Stellungnahme zum Koalitionsvertrag: Ansätze – wichtige Lücken bleiben
Eckiger Tisch begrüßt die im Koalitionsvertrag angekündigte weitere Förderung des Fonds sexueller Missbrauch (FSM) sowie des Ergänzenden Hilfesystems (EHS). Diese Strukturen sind essenzielle Bausteine, um Betroffenen niedrigschwellig Unterstützung bei der Bewältigung
der Folgen sexualisierter Gewalt zu ermöglichen.
An dieser Stelle muss jedoch deutlich werden: Das EHS ist kein Ersatz für Schmerzensgeld, da das EHS ausschließlich Sachleistungen zur Bewältigung der Folgen des Missbrauchs genehmigt. Daher fehlt nach wie vor ein eigenständiges, staatlich getragenes System zur Zahlung von Schmerzensgeld, das dem Leid, welches Betroffene erlitten haben, gerecht wird. Für eine gerechte Entschädigung fordern wir daher ein System, analog zum EHS, welches unbürokratisch, unabhängig und wirksam ist.

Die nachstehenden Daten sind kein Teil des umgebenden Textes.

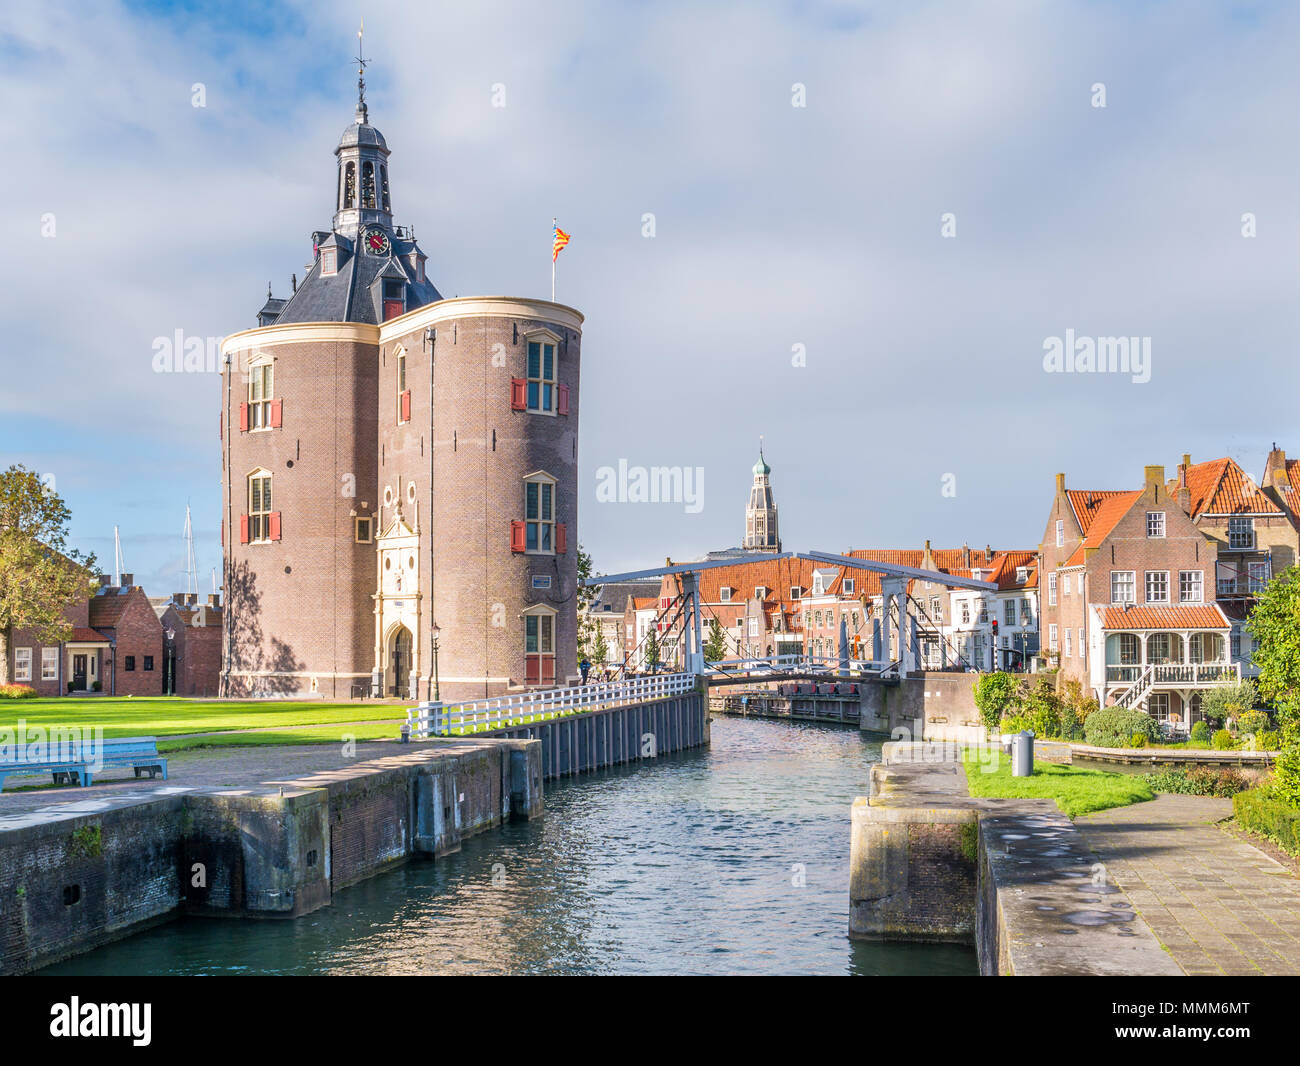 Drommedaris torre di difesa e disegnare ponte sul canal nel porto vecchio della città storica di Enkhuizen, Noord-Holland, Paesi Bassi Foto Stock

Darüber hinaus begrüßet Eckiger Tisch, dass der Koalitionsvertrag an die Pflicht zur Aufarbeitung für Institutionen erinnert und diese festschreibt. Um eine gute Aufarbeitung zu ermöglichen, muss diese aber unabhängig von den betroffenen Institutionen erfolgen – insbesondere im Kontext der katholischen Kirche. Der Staat muss hier eine aktive Rolle übernehmen, um die Rechte der Betroffenen durchsetzen und damit eine unabhängige Aufarbeitung gelingen kann.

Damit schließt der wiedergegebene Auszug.